In the reinforced design concrete is assumed no resistance against tension so in the tensile zone below the neutral axis we have just the rebar and no concrete area to contribute tension to balance the applied load. In reality we can allow the concrete section to crack and the member will work as long as the rebar below and above the cracking plane is bonded successfully to concrete with adequate development length.

If a column has to resist a modest bending moment then it will have a neutral axis with tension and compression zones with some rebar in small tension.

RE: Lap splices of column bars in concrete columns with column faces set back > 75 mm (3)

(OP)

Quote (kootk)

@ajk1: For what it's worth, I actually agree with your take on the "for flexural members" thing.

I agree completely with you.

Quote (kootk)

I get that almost every member will have some flexure in it but I still feel that there are members out there that are predominately axial and therefore may be worthy of differential treatment. To paraphrase a past comment from Hokie66 that has stuck with me: high-rise columns don't care about moments. The bars in such columns do in fact have an important role to play in compression resistance. It's only low-rise and and upper story columns where the rebar is playing an important role in resisting tension.

On this too I agree completely with you. There are many (most?) columns where the rebar takes a very significant part of the axial load.

I find Hotrod10's reasoning round-about and unpersuasive. Saikee119 has totally lost me.

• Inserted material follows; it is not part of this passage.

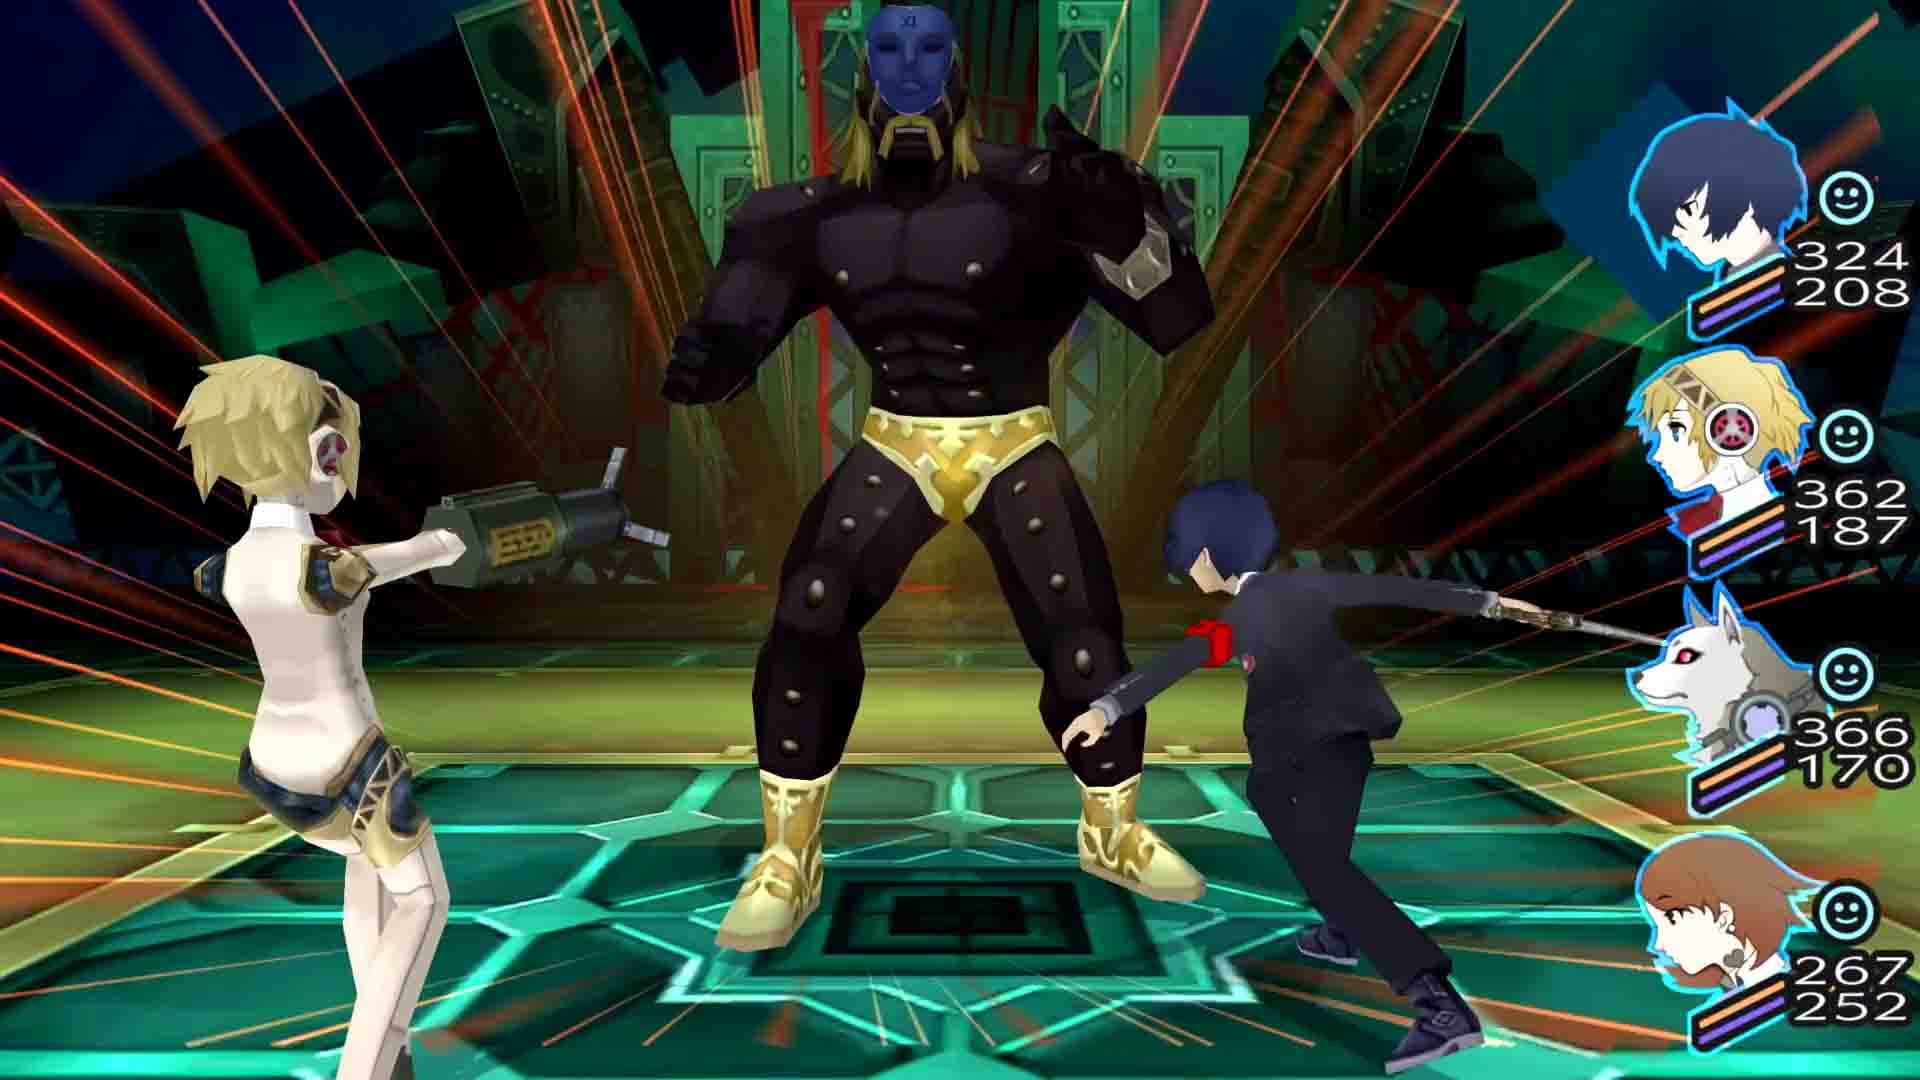 A screenshot from Persona 3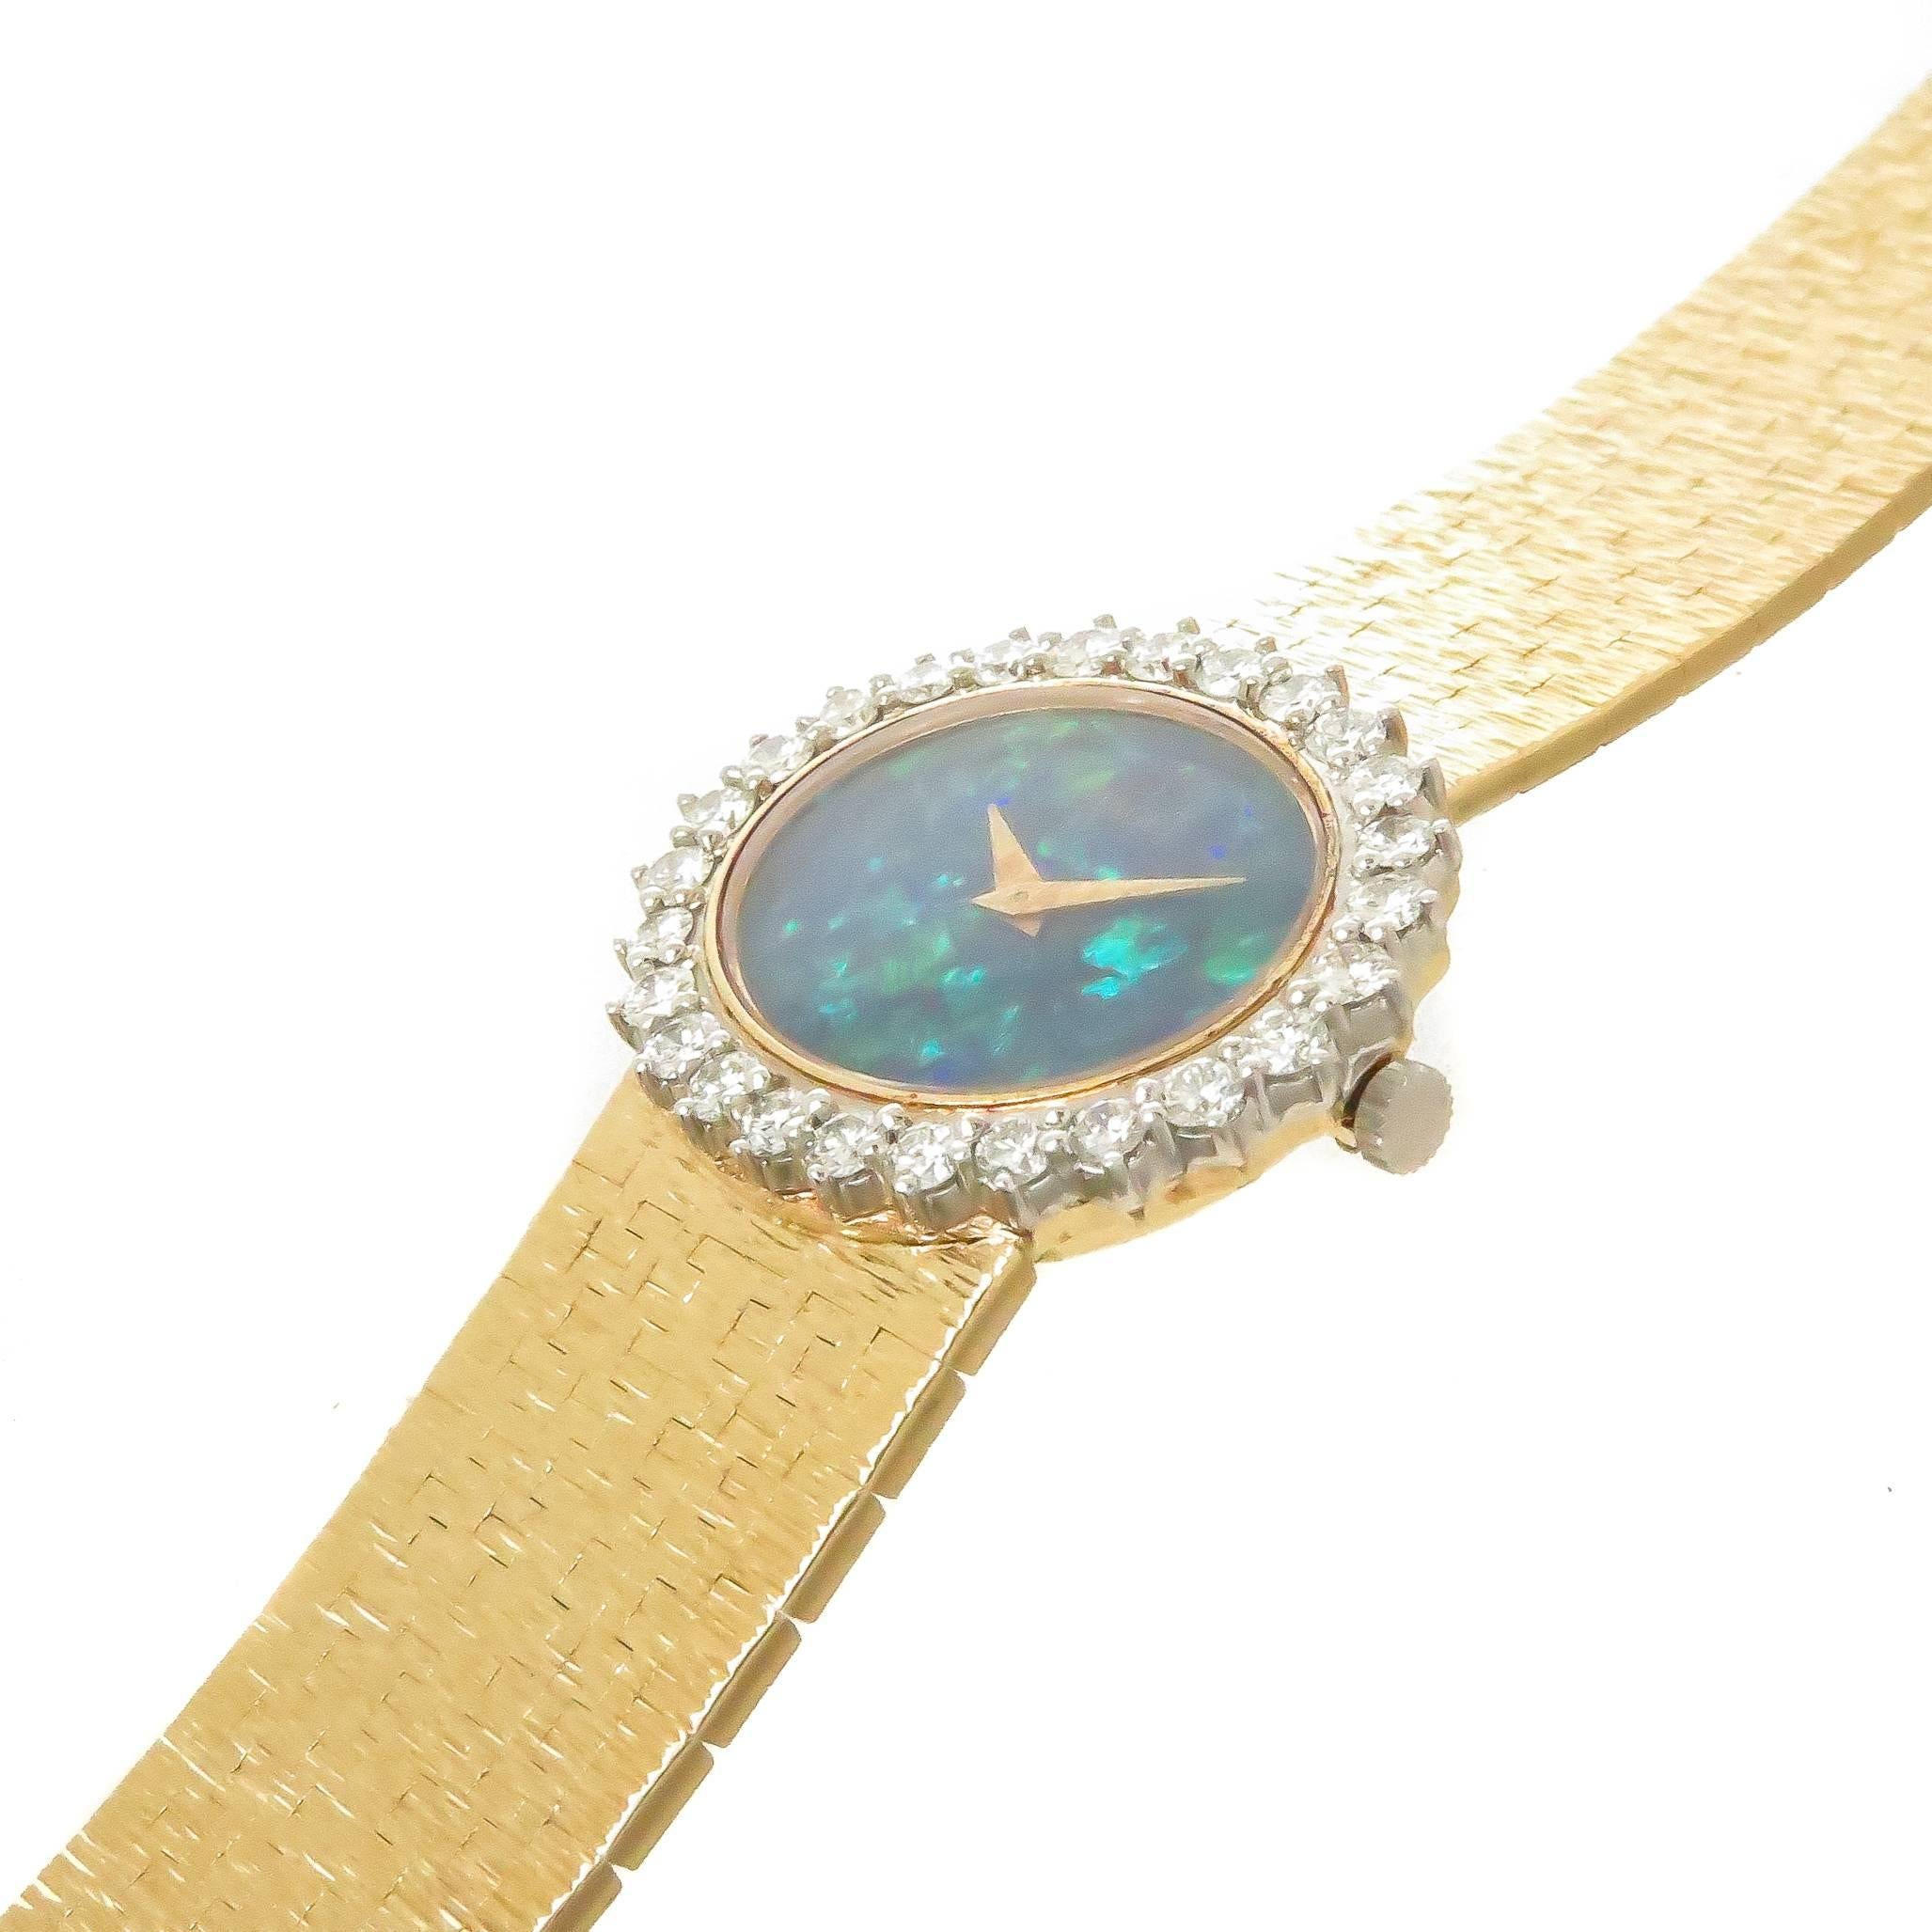 Circa 1980 Piaget Ladies Wrist Watch, 25 X 24 MM 18K Yellow Gold Oval case, Diamond set Bezel of 26 round Brilliant cuts totaling 1.50 Carats and Grading as G in color and VS in clarity. Very Fine Black opal dial, 17 jewel Mechanical, Manual wind

I suppose the only way to be sure is to write to CSA and ask them (that will likely take a long time to get an answer back) or to call someone I know on the CSA A23.3 technical committee. Frankly, I think the issue arises most probably because of failure to use the best wording in the clause. I suspect that it applies to compressive splices in columns, but they screwed up the wording. Maybe they meant "compressive members and flexural members, but not tension members".

RE: Lap splices of column bars in concrete columns with column faces set back > 75 mm (3)

(OP)
I spoke to one of the academics on the CSA A23.3 Technical Committee and he says that CSA A23.3 Clause 12.14.2.3 does not apply to columns except if the column rebar is in tension. He says lap splices are different in tension than compression, and the bar separation specified by the Standard for contact tension splices do not apply to compression splices. So it appears my original reading of the Standard was correct.